It turns out that when you're multi-lingual, and speaking, all your languages are activated, and your brain inhibits the ones you're not using. Sometimes the inhibition is weaker, and then you get "intrusion errors" where the wrong language pushes its way in.
Paradoxically, the brain of a bilingual person can inhibit their dominant language more than the non-dominant one, so that they can be slower to access words in their stronger language. I feel this when I'm playing Scrabble in English; my other languages jostle
each other in the doorway of my mind, suggesting French, German, Spanish
and even some Chinese words that I could make with the letters in my
stash.Wrong, wrong, wrong--until I invented a game called "Multi-Lingual Scrabble", that I play with friends who speak other languages. (For the rules see below.)
Personally I find that even a French accent seems to prime my brain for French, so that as soon as someone starts speaking English with a French accent, my brain comes up with French words, despite my dominant language being English.
If this interests you, then for more details, read this fascinating article.

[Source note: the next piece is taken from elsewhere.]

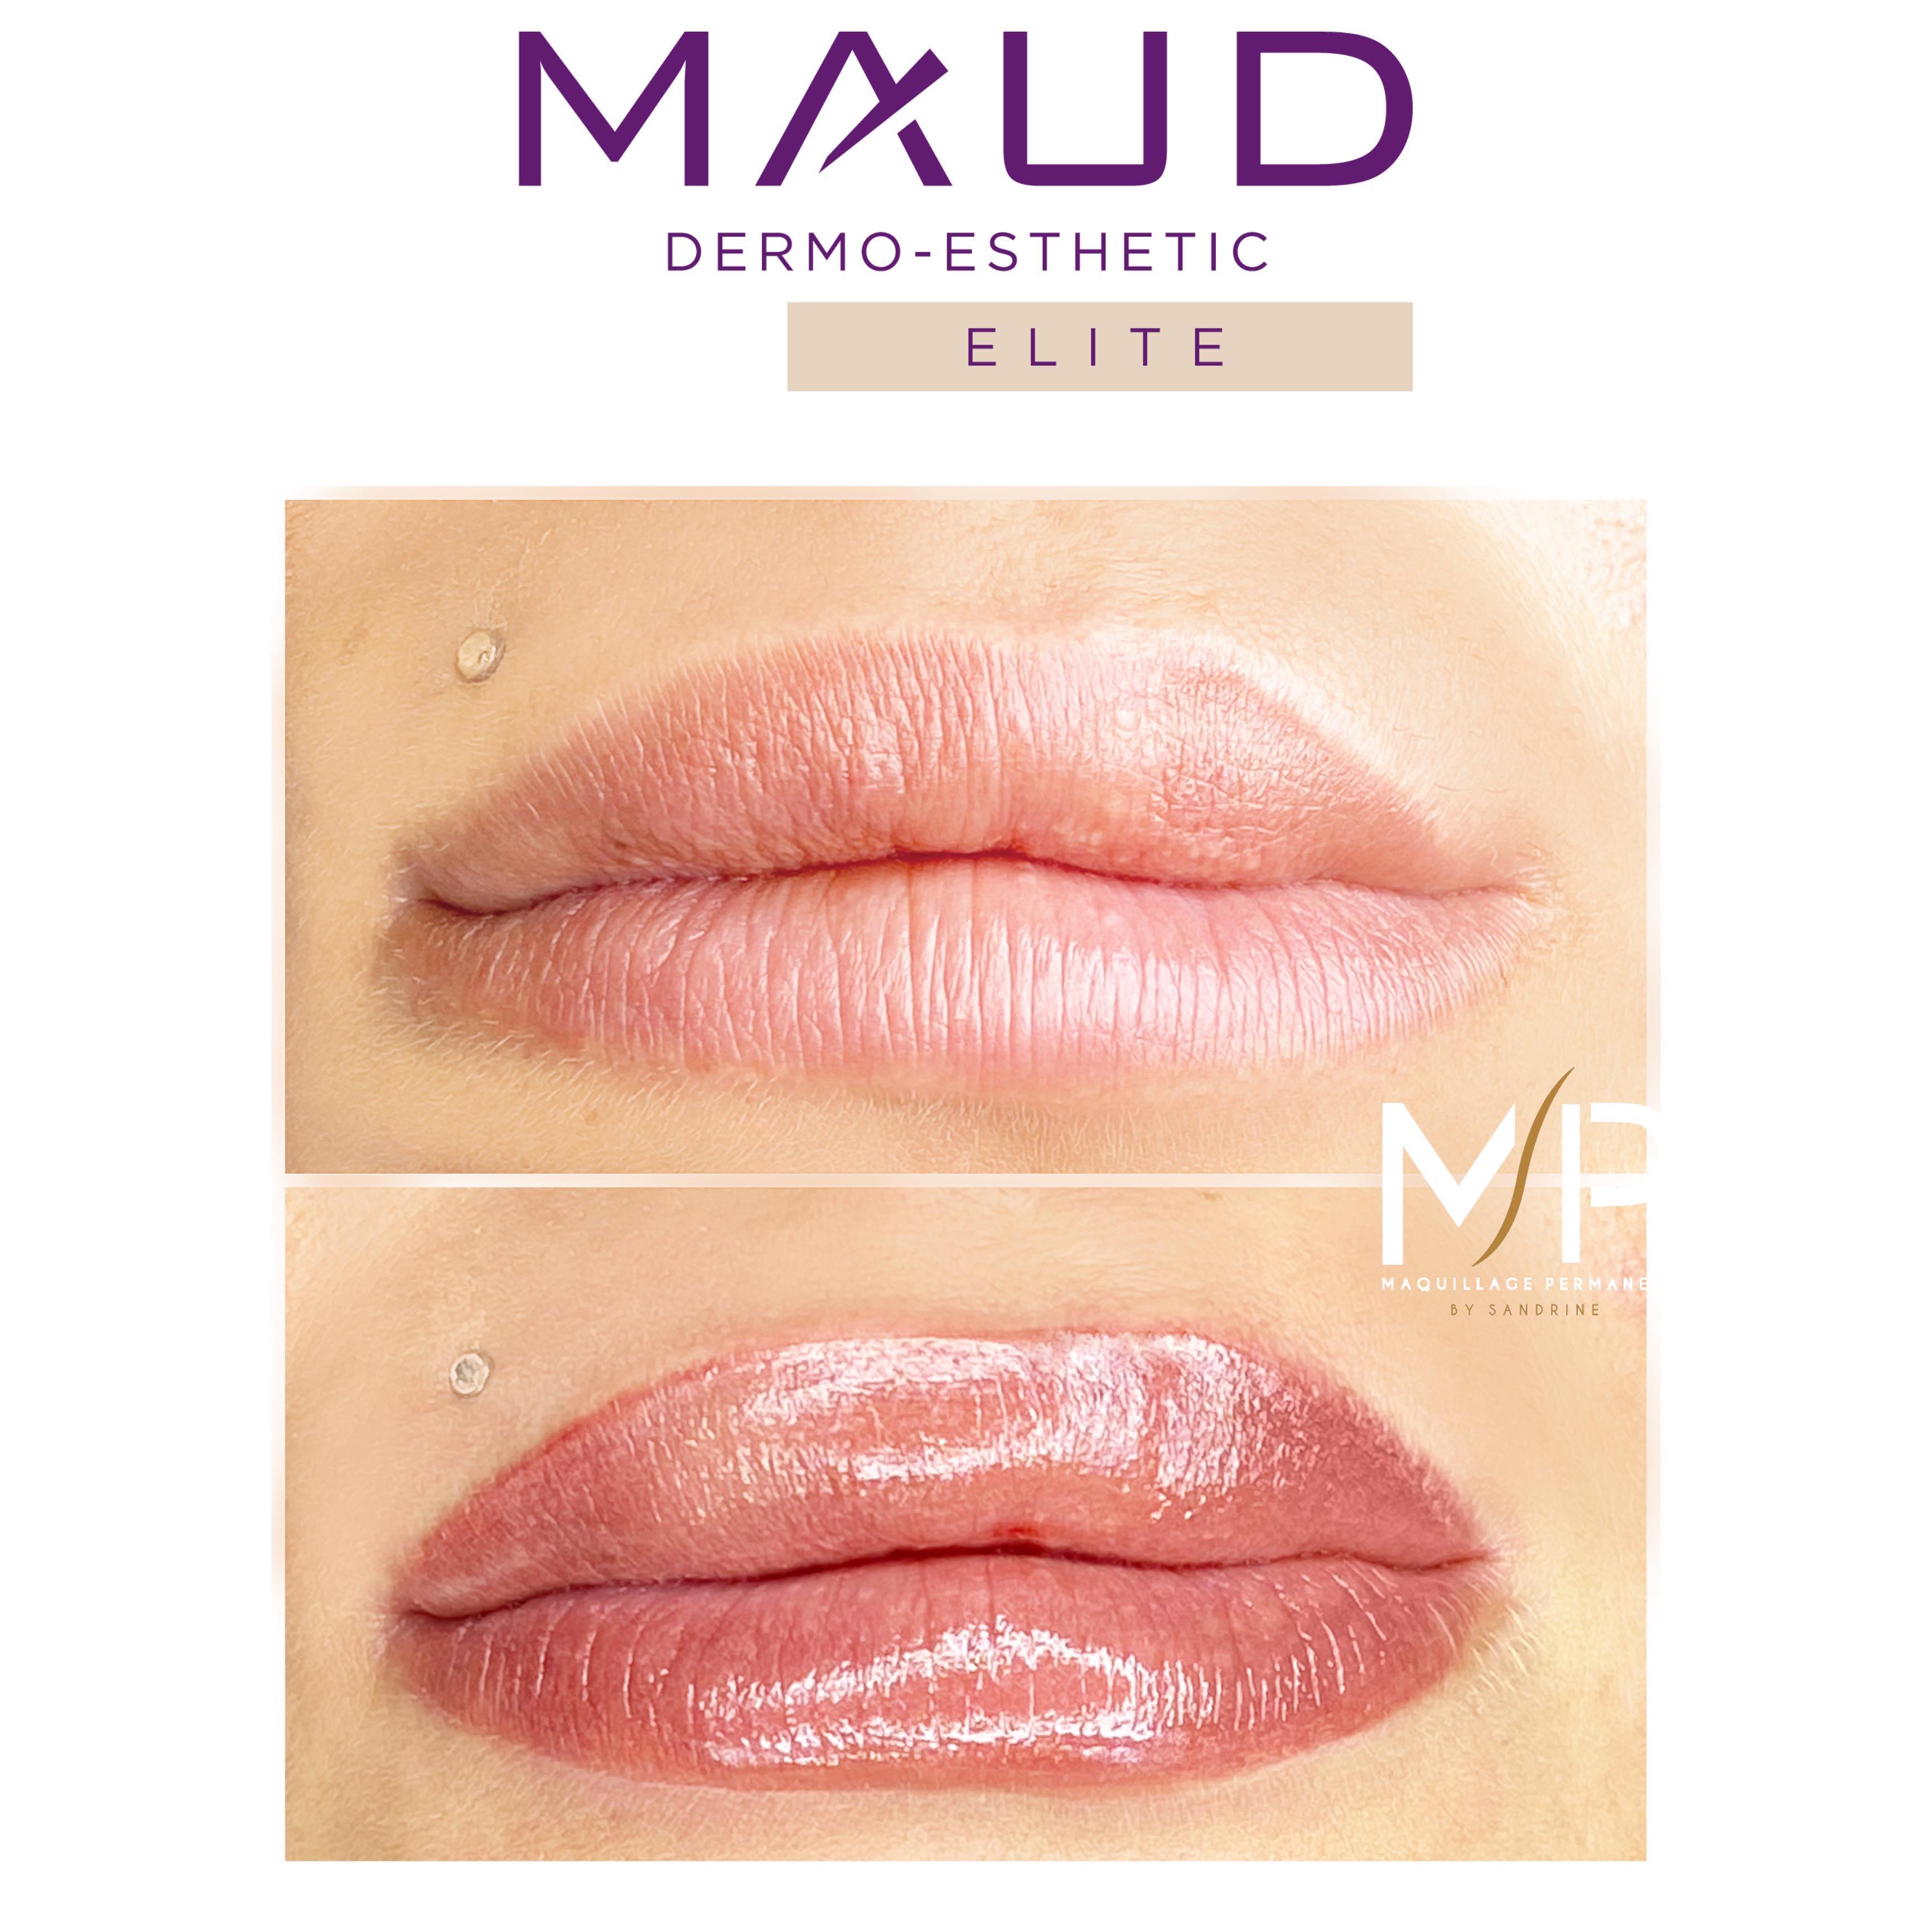 BEAUTY FULL LIPS® by Maud Elite. Maquillage permanent des lèvres Montpellier. Dermochromatique

(Rules of Multi-Lingual Scrabble: You can put down a word in any language, but you're on your honour that it's a real word. If challenged, you have to prove it, and if you cheated, you miss your next turn. Try it; it's fun. Even though remember, Scrabble sets are adjusted for different languages, with different numbers of letters according to which letters are used the most in each language. So for example, if you're playing with an Italian Scrabble set, it will be harder to form words in French, etc.)